48. While the Government Lands Act provided that Government land could be subject to a licence in regard to a right of occupation, the 5th to 8th Respondents’ contention that the Petitioners were granted Temporary Occupation Licence, was not supported by any evidence. Temporary occupation could only be granted by the Commissioner of Lands and not the Municipality and no evidence was tendered by the Respondents to show such Temporary Occupation Licences from the Commissioner of Lands.

49. It is my considered view that as the suit property was Government land, the same could not be allocated to the Petitioners by the Municipal Council of Machakos and therefore the letters of offer by the latter dated 7th November 1997, were not capable of conferring proprietary rights on the Petitioners, as the Municipality had no power to allocate Government land, since such power was vested in the President of Kenya and was delegated to the Commissioner of Lands. I therefore agree with the 5th to the 8th Respondents’ submissions that the Petitioners failed to prove that they were allocated the suit property by the Government. In the premises, I find and hold that the Petitioners have no proprietary rights over the suit property, capable of being protected under Article 40 of the Constitution, as they failed to prove ownership of the same.

50. As regards the question as to whether the petitioners’ right of access to information was violated, the Petitioners argued that Respondents furnish them with copies of survey and deed plans for the original survey done before the suit property was allocated to them. In paragraph 10 of the Petitioners’ Supporting Affidavit, the 1st Petitioner deponed as follows;“That I verily believe that the survey plan for the township was placed in the custody of the 1st Respondent.”

51. In answer to the Petitioners’ averment above, the Respondents stated that there was no survey before 2010, and that the survey done in 2010 was done in accordance with the law. It is trite law that he who alleges must prove. If the Petitioners intend to exercise their right of access to information, they are obliged to demonstrate that the information they seek, is in possession of the Respondent.

52. Article 35 for the Constitution provides as follows;1. Every citizen has the right of access to;a.Information held by the state;andb.Information held by another person and required for the exercise or protection of any right or fundamental freedom.

53. It is therefore clear that to enforce the right of access to information, the Petitioner must demonstrate that the information sought is held by the Respondent. As stated earlier in this judgment, the Petitioner’s position is that they believe the 1st Respondent holds the information they sought while the Respondents have not only denied that the information sought is in possession of the 1st Respondent but also insist that the information sought does not exist.

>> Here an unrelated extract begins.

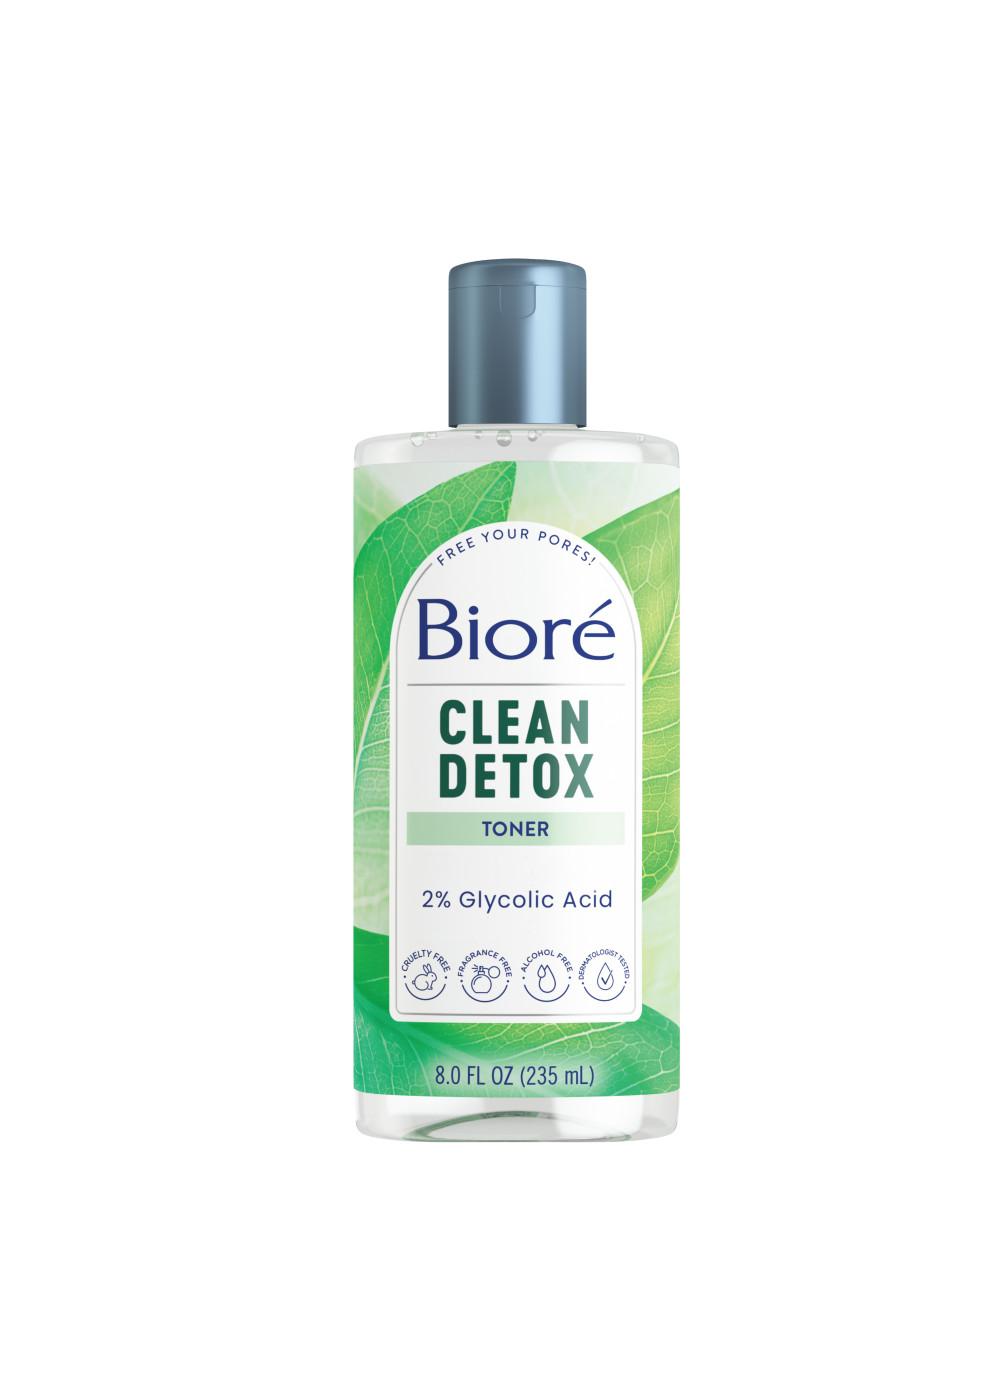 Bioré Clean Detox Toner; image 1 of 8

54. The Petitioners produced a map marked as annexure “CO7” which they have referred to as the survey plan. They insisted that the survey was done before allocation of the suit property in 1997, although they did not specify when that was done. It will be noted that the repealed Physical Planning Act Cap 286 was assented to on 24th October 1996 but its commencement date was 29th October 1998. Therefore, the law existing before the said commencement date in respect to approval of development plans included the Land Planning Act Cap 303 as well as the Town Planning Act Cap 134 as read with the Development and use of land (Planning) Regulations 1961.

55. Under Regulation 6 of the Development and use of land (Planning) Regulations 1961, a local authority could, in consultation and with the agreement of the Minister prepare and submit to the Minister for his approval, a town plan or an area plan in respect of the area under its jurisdiction. To ensure proper subdivision of land in areas other than those of unalienated Government land, could require a local authority to submit to him for approval the subdivision and use plans for its area or any part thereof. Regulation 7 provided that town plans, area plans or subdivision and use plan in respect of unalienated Government land were to be prepared by the Minister, and the plans approved by the Commissioner of Lands under Sections 23 or 24 of the Town Planning Act were deemed to have been approved by the Minister.

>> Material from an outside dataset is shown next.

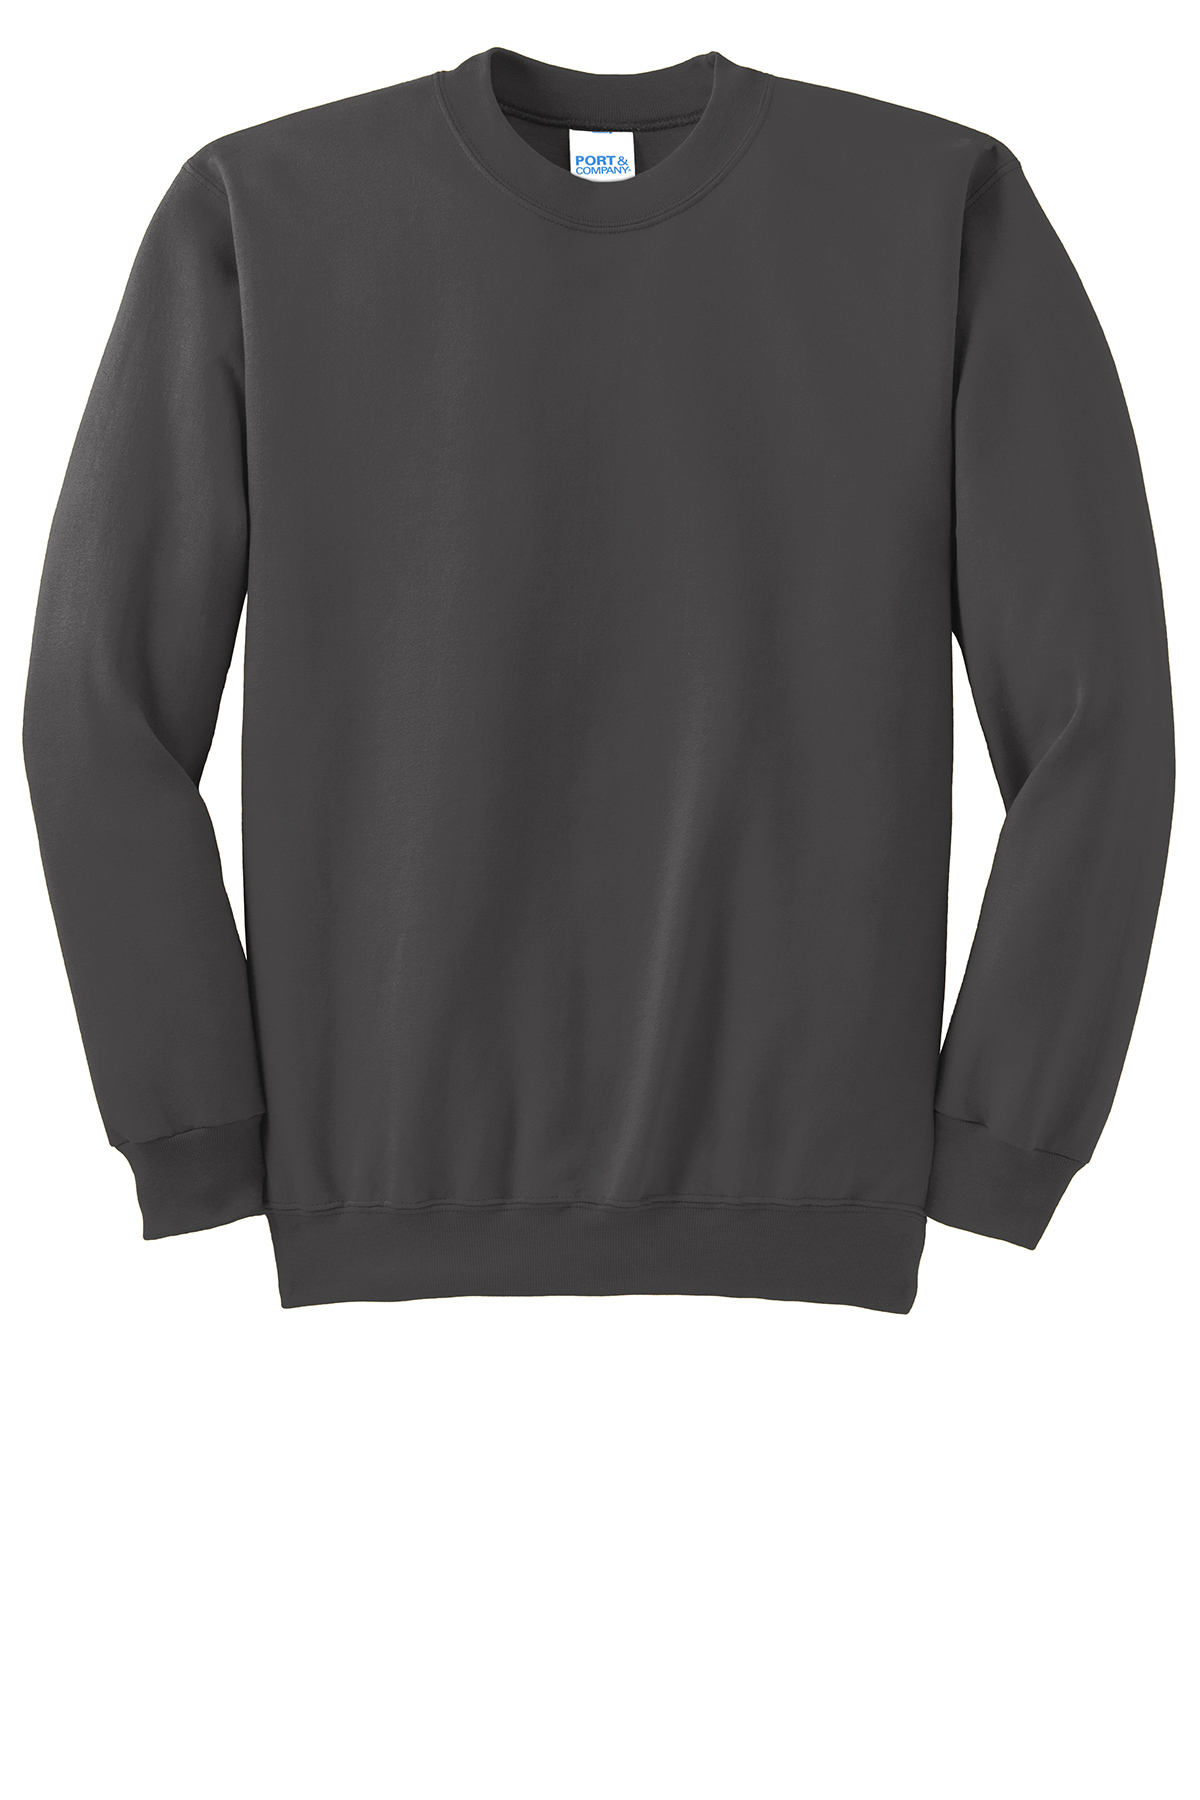 Port & Company Tall Essential Fleece Crewneck Sweatshirt | Product

56. It was the responsibility of the local authority before submitting plans to the Minister for approval, to ensure the owners of the land affected by such plans are made aware of the proposals contained in the plans and not only invite comments and or objections thereto, but submit such comments and objects to the Minister. It was upon approval by the Minister that the local authority was required to publish a notice in a prescribed manner, indicating that the plan had been approved or amended and inviting the public to inspect the approved plans at the time and place stated in the Notice.

57. Section 24 of the repealed Physical Planning Act Cap 286, provided that a Local Physical Development Plan was prepared by the Director of Physical Planning with reference to any Government land, trust land or private land within the area of authority of a city, municipal, town or urban council or with reference to any trading or marketing centre. A local physical development plan had the purpose of guiding and coordinating development of infrastructural facilities and services for an area of authority of a city, municipal, town or urban council as well as for control of the use and development of land or for provision of any land in such area for public purposes.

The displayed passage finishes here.